The perfect cup of coffee is not impossible to make. Here’s the science behind it
Want to make the perfect cup of coffee? Focus on the process of grinding the coffee beans the brewing method.more lifestyle Updated: Mar 22, 2018 16:18 IST
Coffee lovers, rejoice! Scientists have unlocked the key to creating consistently tasty cups of espresso. Researchers at the University of Oregon in the US focussed on the process of grinding coffee beans and the brewing method.
“One day you might have a good cup of coffee and the next day you might not. From a scientific perspective, it has always puzzled me why we could not do the same thing twice,” said Christopher H Hendon from the University of Oregon. “There is a point in grinding coffee beans when you make too many small particles, which stick together and result in reduced extractions,” said Hendon.
Although smaller particles mean a greater surface area, which should result in consistently tasty espresso, there is a critical point at which smaller is not better, researchers said. For this reason, the grinders used can have a significant impact on the flavour of the resulting cup of coffee, they said.
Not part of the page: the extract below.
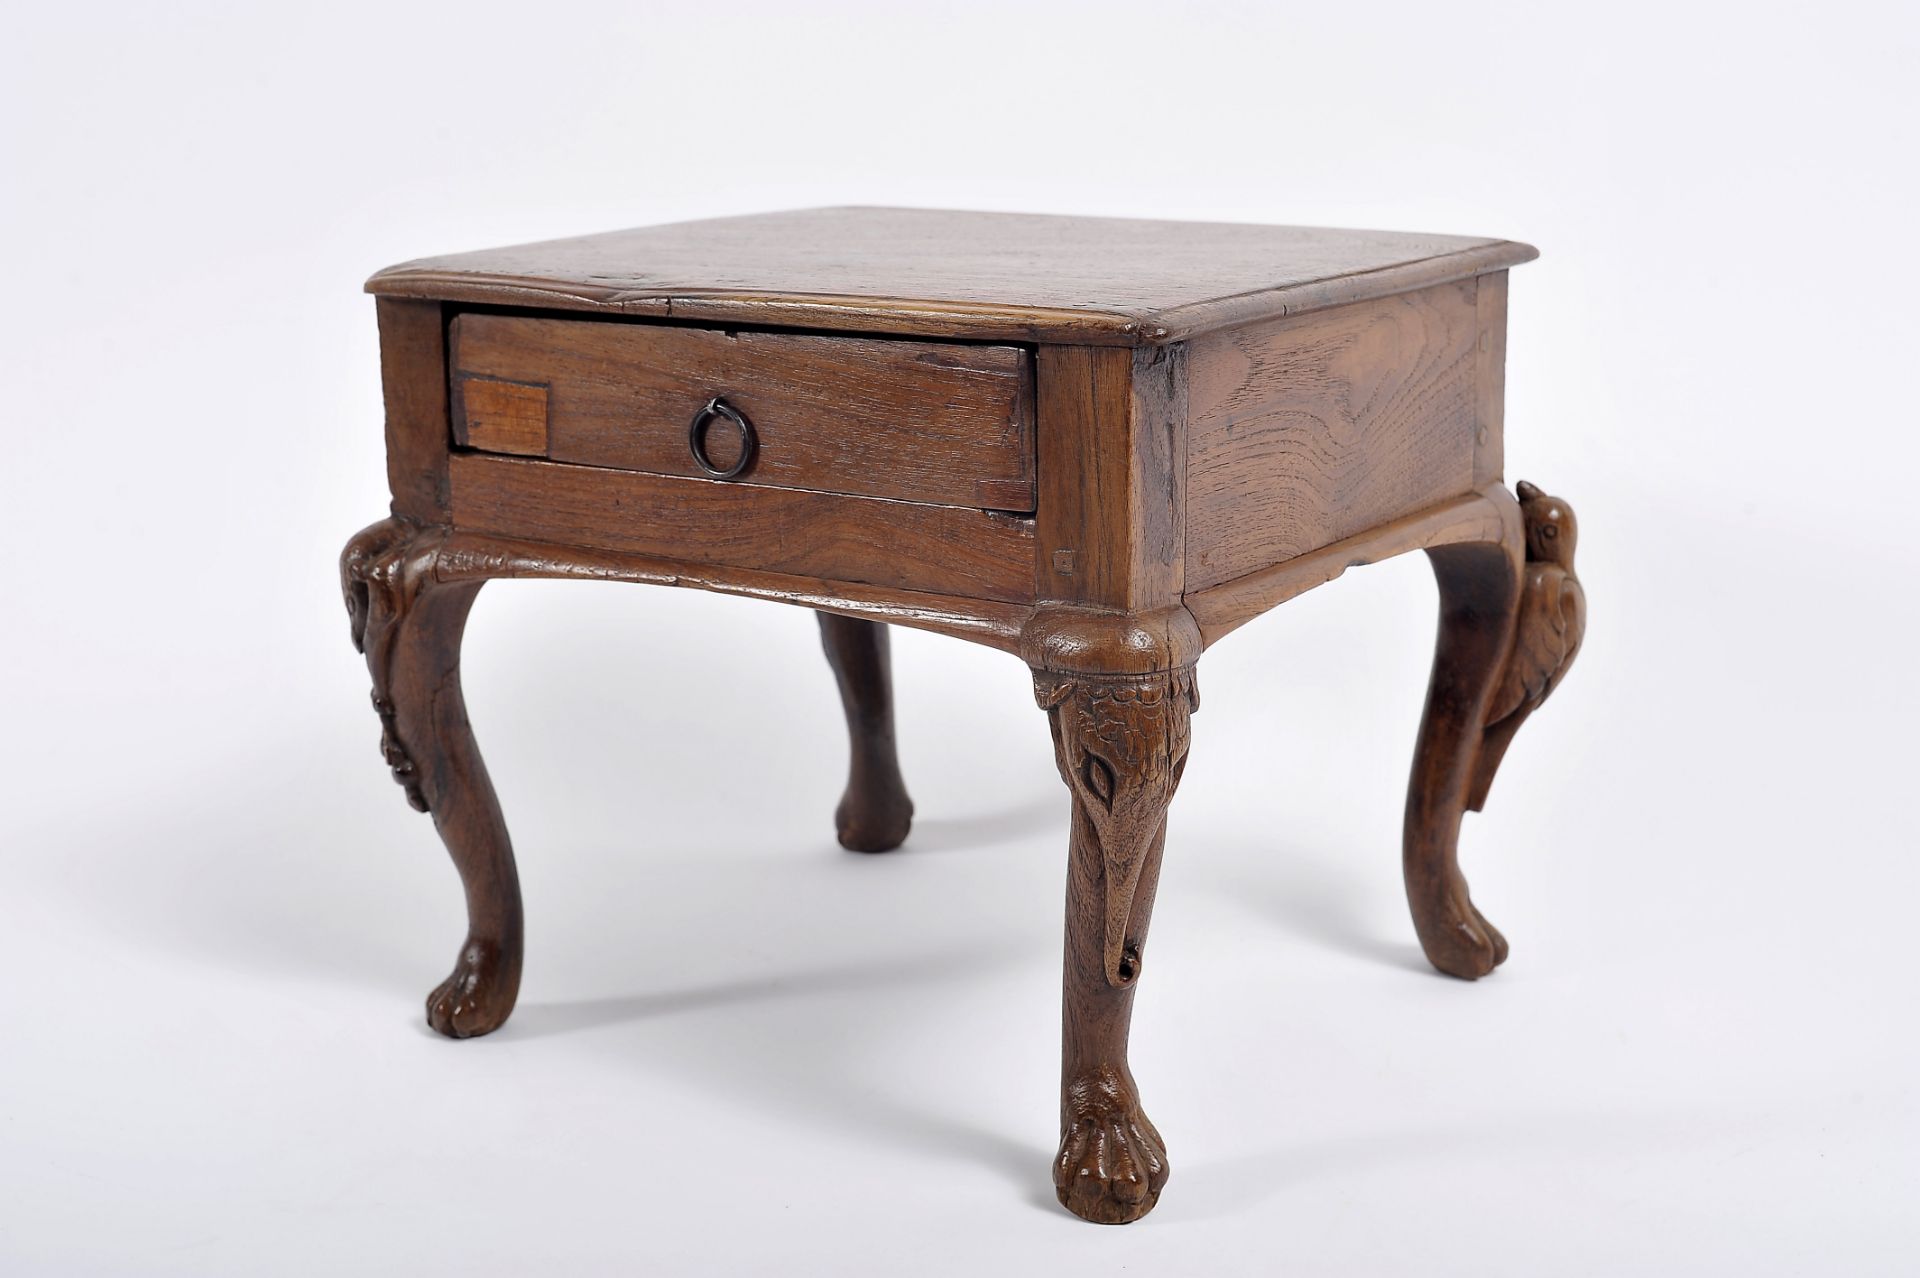 A small centre table with drawer

Additionally, when extracting the espresso, the water should come into contact with the coffee grounds uniformly, according to the research presented at National Meeting & Exposition of the American Chemical Society (ACS) in the US. Passing water through the grounds in a systematic manner would ensure that all of the grounds come in contact with water equally.
In comparison, with a traditional drip-brew coffee pot, the water drips mainly through the centre of the grounds while the grounds on the outside have little contact with water. By collaborating with Baristas, Hendon developed a method by which they can achieve their desired flavour profile consistently. Hendon proposes an optimisation process achieved by altering grinding size and brew ratio. “By predetermining the coffee-to-water ratio, as well as the water pressure, the maximum extraction can be systematically determined,” he said.
“The Barista can then iteratively improve their espresso reproducibility, while reducing waste coffee mass,” said Hendon. Previous research in his lab explored several variables that impact the reproducibility of espresso. For example, water hardness can affect flavour. The freshness of the coffee beans can also impact how tasty a cup of coffee is.